Крышка бутербродницы слегка приподнялась. Учитель французского заглянул под крышку и просунул пальцы внутрь; Макс под столом толкнул меня коленом.
Пальцы господина Бирворта нашли опору где-то в недрах бутербродницы. Порывшись в ней, он извлек белый бутерброд — то, что называют сэндвичем; с нашего места в конце класса было видно, что он проложен ломтиком сыра.
Господин Бирворт поднес бутерброд ко рту и торопливо откусил от него. Все эти действия он проделал как бы тайком. На расстоянии учитель французского напоминал животное, крадущее что-то из мусорного бака.
К уголкам его рта приклеились крошки. Я подумал о руках, приготовивших этот бутерброд — наверное, сегодня утром; о тех же руках, которые в темноте мяли ягодицы господина Бирворта, через ткань пижамы тянули его за полутвердую письку, при свете дня намазывали бутерброды и клали на них сыр.

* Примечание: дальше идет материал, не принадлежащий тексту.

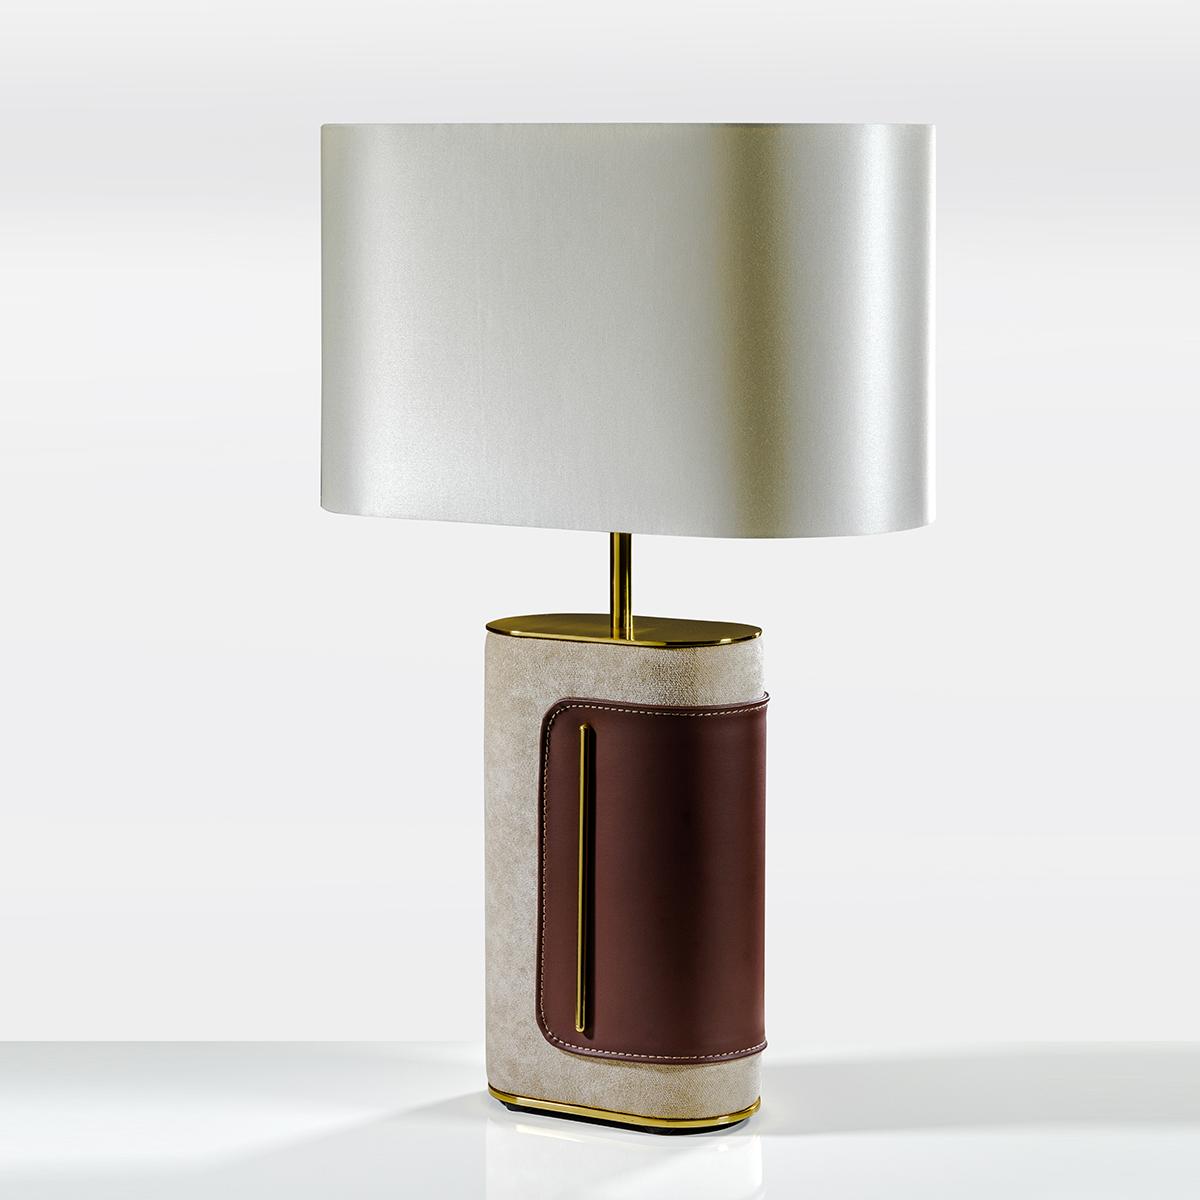 sella Sella Table lamp colunex sella table lamp 01

Я взглянул на Макса, но, похоже, тот уже утратил интерес к господину Бирворту. Он лизал покрытые клеем края папиросных бумажек и аккуратно скручивал самокрутки.
— Наверное, нам нужен перерывчик, — сказал он.
Вообще-то, я хотел его спросить, что происходит потом между господином Бирвортом и его женой. Что делается после того, как она побуждает его выпустить все наружу и наполнить ее до краев, — но что-то подсказало мне: сейчас я не получу ответа, надо ждать подходящего случая.
Мы встали и вышли из класса; в дверях я обернулся. Желтой бутербродницы на столе уже не было. И крошки с губ господина Бирворта тоже исчезли.
Тем временем давно миновала полночь. В саду стоит тот неистребимый звериный запах, который часто появляется в душные летние ночи, вроде сегодняшней. Я поставил шезлонг посреди лужайки. Потом нашарил в ящике кухонного стола помятую пачку «Мальборо». Она оказалась именно там, где и должна была лежать. Не совсем на виду, чтобы быть заметной для всех, но и не спрятанная. For emergency use only,[6]как стекло, которое надо разбить, чтобы открылся запасной выход.
Звериный запах остался от прежней жилички. Точнее, от ее звериного хозяйства. Потом она заболела, и к звериному запаху стал подмешиваться человеческий. В то время она все чаще позволяла собаке справлять нужду в саду.
Нам тогда принадлежал только верх. С балкона я регулярно видел госпожу Де Билде с граблями. Она не выносила собачий помет, а кое-как сгребала его, убирая с глаз долой. Пес был экземпляром неопределенной породы — пятнистый и, между прочим, слишком крупный, чтобы выгуливать его только в саду. Каждый раз он начинал с того, что несколько минут рылся по всему саду — наверное, в поисках местечка, где не пахло бы им самим. Порой, когда он, почти пристыженный, наконец приседал на задние лапы, наши взгляды встречались. Я не мог избавиться от ощущения, что собачий взгляд, устремленный на меня из-за зелени, был зовом о помощи, словно пес чего-то ожидал от человека, молча смотревшего на него с балкона второго этажа: может, я предприму что-нибудь, и все пойдет как раньше, или хотя бы вмешаюсь, чтобы положить конец унизительной необходимости срать в саду?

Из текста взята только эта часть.